December 24, 1741: Bethlehem, Pennsylvania is founded

Jesus, call Thou me
from the world to Thee;
Speed me ever, stay me never;
Jesus, Call Thou me.

Not Jerusalem –
lowly Bethlehem
‘Twas that gave us Christ to save us;
Not Jerusalem.

Favored Bethlehem!
honored is that name;
Thence came Jesus to release us;
Favored Bethlehem!

BbethlehemIn 1741 a small group of the “Unitas Fratrum” settled on the banks of the Monocacy Creek near the Lehigh River in Eastern Pennsylvania. The settlers were part of a German speaking sect which had been founded by followers of John Hus, who had been burned at the stake 100 years before Martin Luther for trying to reform the Catholic Church. They called themselves “Moravians” because many of the founders came from the province of Moravia in what is now the Czech Republic.

The Moravians had been sent out from their homeland to bring the good news of salvation and hope to the heathens. They had reached out to slaves in the Caribbean, the Inuit in Labrador, to natives in Surinam, Guyana, and South Africa, and here in Pennsylvania they would reach out to the Delaware and Mohicans.

The “Unitas Fratrum” promoted what they called the “theology of the heart”. They tried to focus on the essential relationship between Christ and the believer rather than being overly concerned about doctrinal differences between churches. Christianity was defined as faith in Christ, love for one another and the world, and hope for the future.

The community they were founding was above all to be joyful. Daily life should be marked by joy in the presence of Christ in every activity. They would live communally, the “brothers” in one house and the “sisters” in another. They placed their trust in God to help them, and picked their leaders and even their marriages by lot. They shared a simple meal, a lovefeast, during worship remembering that Jesus ate his meals not only with his disciples but also with sinners.

On Christmas Eve of 1741, the Moravians’ patron, Count Nicholas Ludwig von Zinzendorf arrived from Saxony to visit the new settlement. The brothers and sisters gathered in the two-room log home that they had just built to welcome the Count and to worship and give thanks, while their cattle and horses and pigs and chickens settled in the stable side of the house.

Joseph Mortimer Levering’s History of Bethlehem sets the scene:

“Their humble sanctuary, with beasts of the stall sharing its roof, brought the circumstances of the Saviour’s birth vividly before their imagination. With the forest about them, stretching away to where heathen multitudes lived in ignorance of Immanuel, the relation between the subject of that holy night and their purpose towards those dwellers in the forest possessed their minds. It stirred the quick fancy of the Count, always keenly responsive to such impressions.

Acting upon an impulse, he rose and led the way into the part of the building in which the cattle were kept, while he began to sing the quaintly pretty words of a German Epiphany hymn which combined Christmas thoughts and missionary thoughts, as suggested by the homage of heathen sages before the infant Jesus, and made conspicuous in the character given the observance of Epiphany among the Brethren in those days of first missionary zeal. Its language expressed well the feeling of that hour, and the place in which it was sung made the vision of the manger seem very real.

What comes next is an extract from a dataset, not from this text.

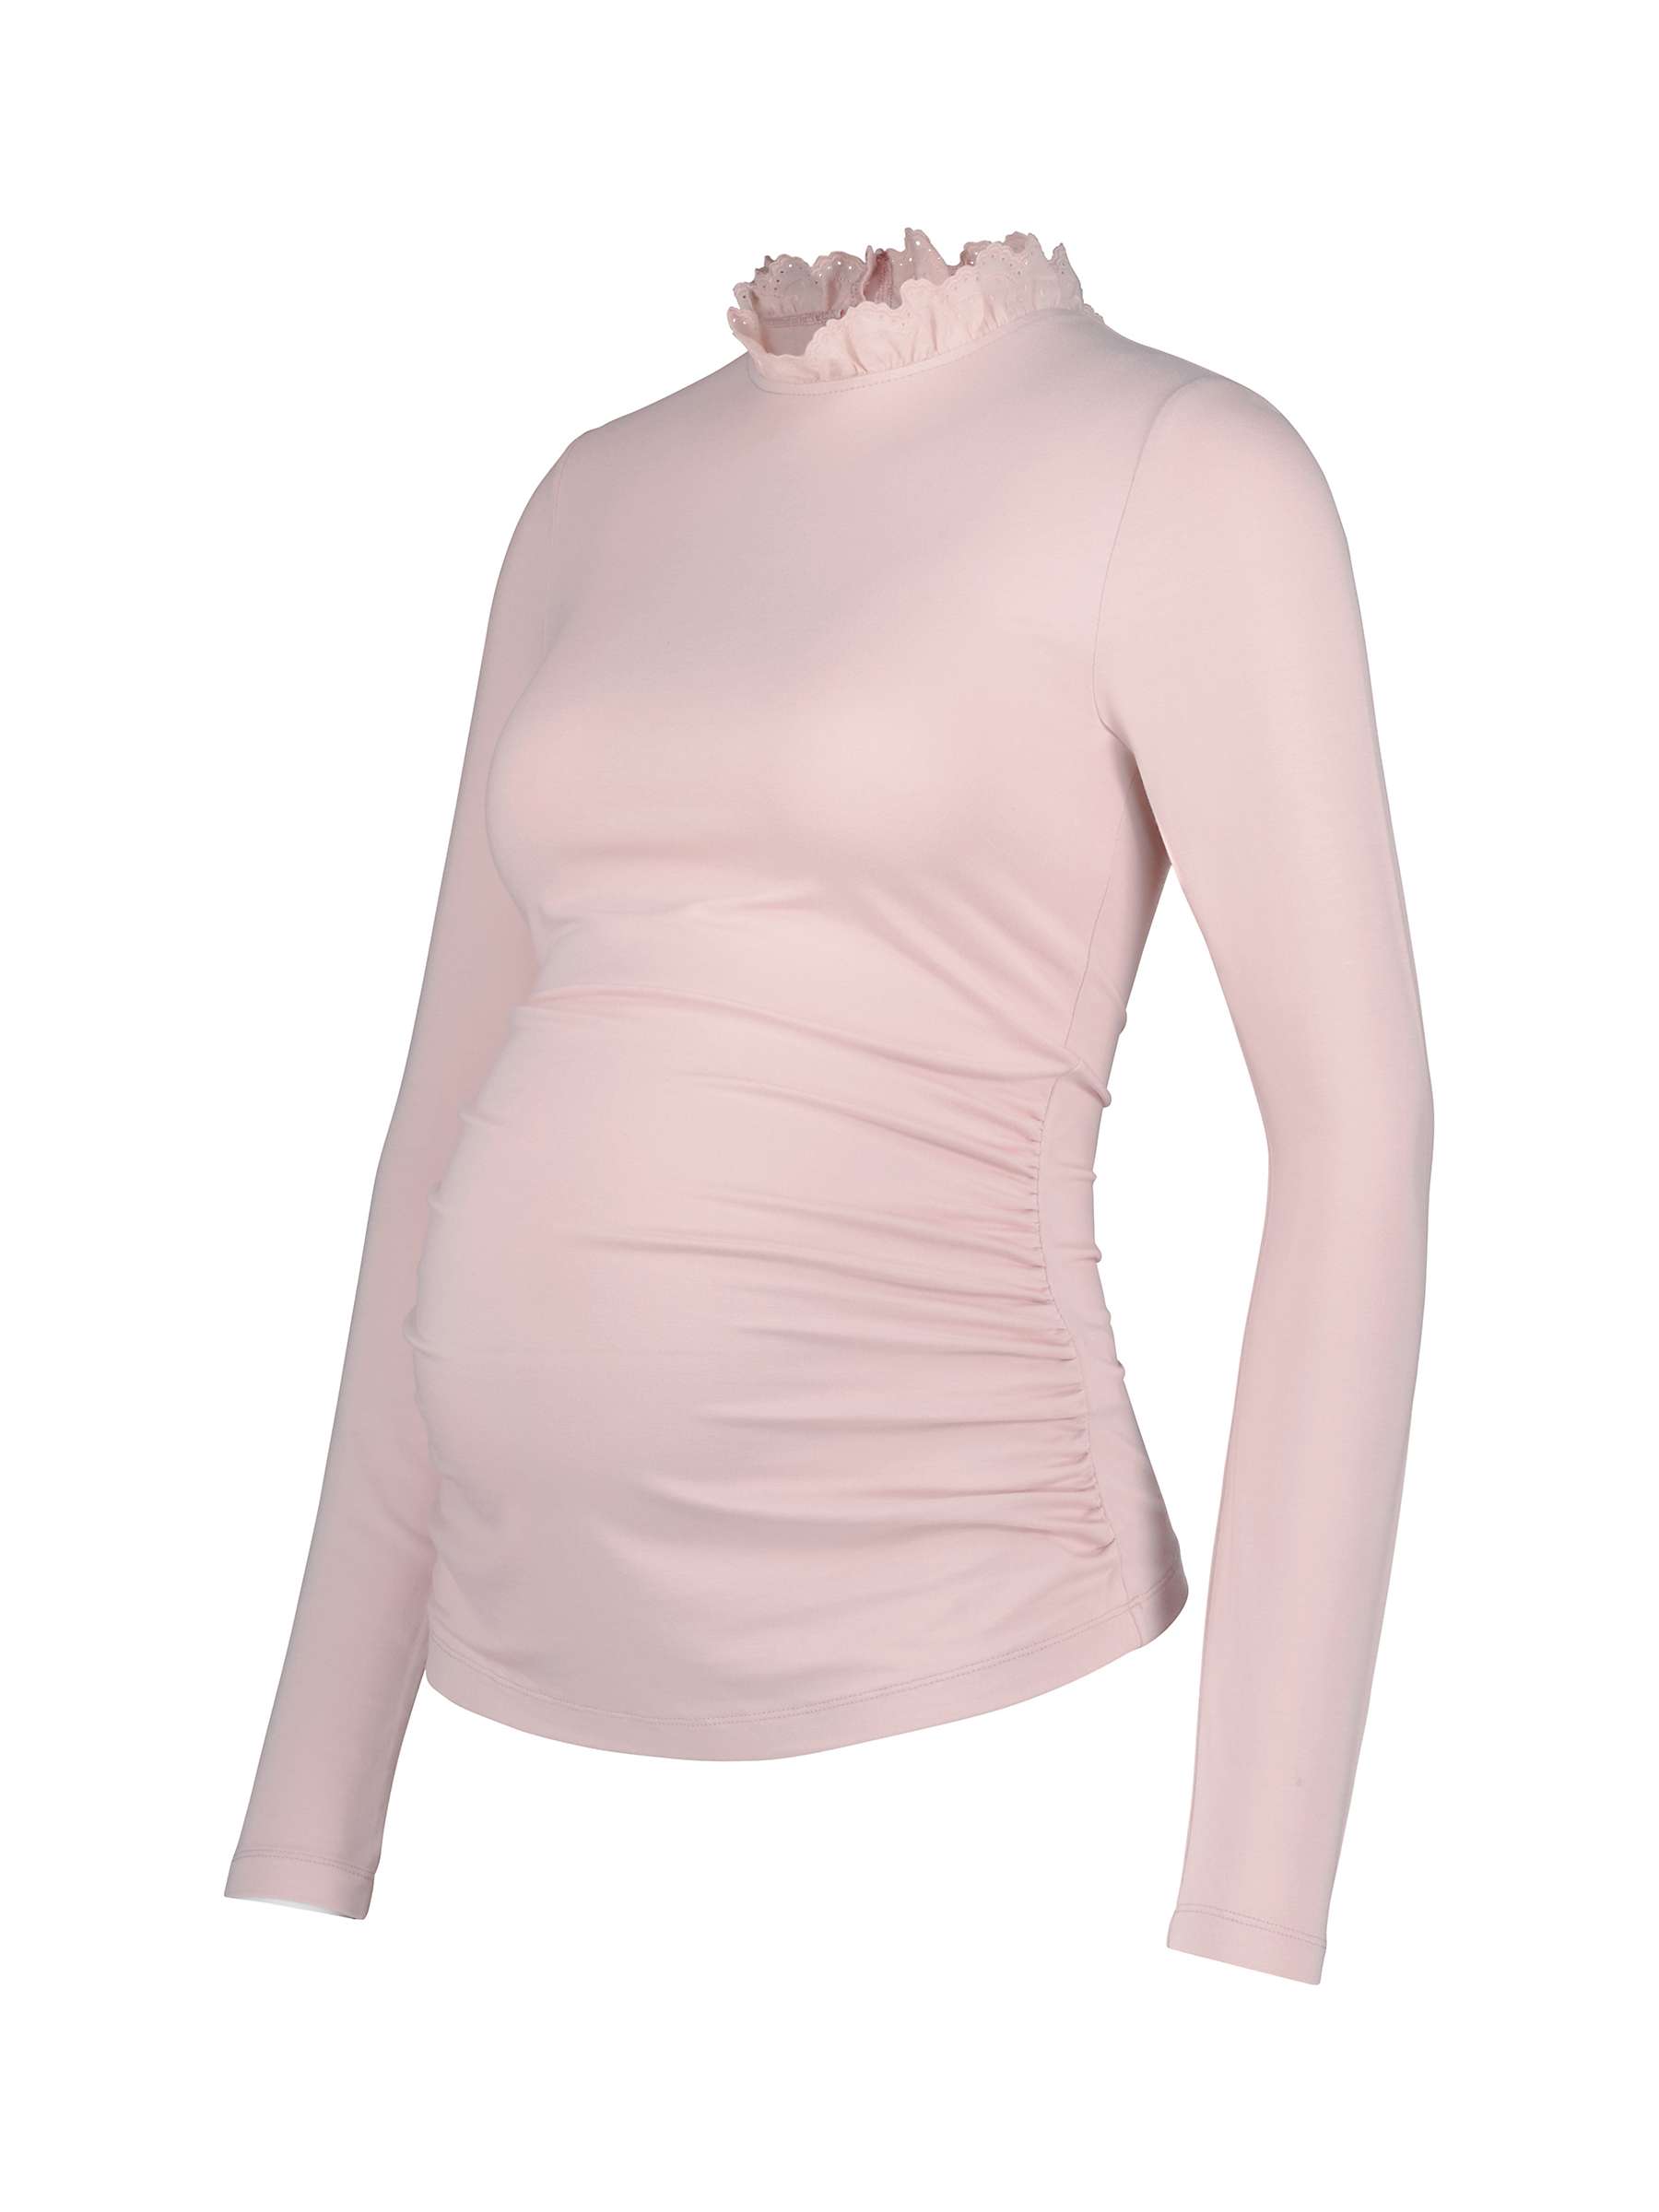 Buy Isabella Oliver Maternity Chanria Ruffle Detail Top Online at johnlewis.com

The little town of Bethlehem was hailed, its boon to mankind was lauded, the star that guided the magi to the spot and the light of the gentiles there beaming forth were sought, humble supplication at the Redeemer’s feet was uttered in successive stanzas, and then the song ended. One who was present wrote long afterward: “The impression I there received is yet fresh in my memory, and will remain until my end.”

With this episode a thought came to one and another which gave rise to a perpetual memorial of the occasion, signalizing it as peculiarly historic and enhancing its romantic interest. No name had yet been given to the settlement.

That vigil service and that hymn suggested one. By general consent the name of the ancient town of David was adopted and the place was called Bethlehem.”

December 23, 1776: Thomas Paine publishes the “American Crisis”

THESE are the times that try men’s souls. The summer soldier and the sunshine patriot will, in this crisis, shrink from the service of their country; but he that stands by it now, deserves the love and thanks of man and woman. Tyranny, like hell, is not easily conquered; yet we have this consolation with us, that the harder the conflict, the more glorious the triumph. What we obtain too cheap, we esteem too lightly: it is dearness Paineonly that gives every thing its value. Heaven knows how to put a proper price upon its goods; and it would be strange indeed if so celestial an article as FREEDOM should not be highly rated. Britain, with an army to enforce her tyranny, has declared that she has a right (not only to TAX) but “to BIND us in ALL CASES WHATSOEVER” and if being bound in that manner, is not slavery, then is there not such a thing as slavery upon earth. Even the expression is impious; for so unlimited a power can belong only to God.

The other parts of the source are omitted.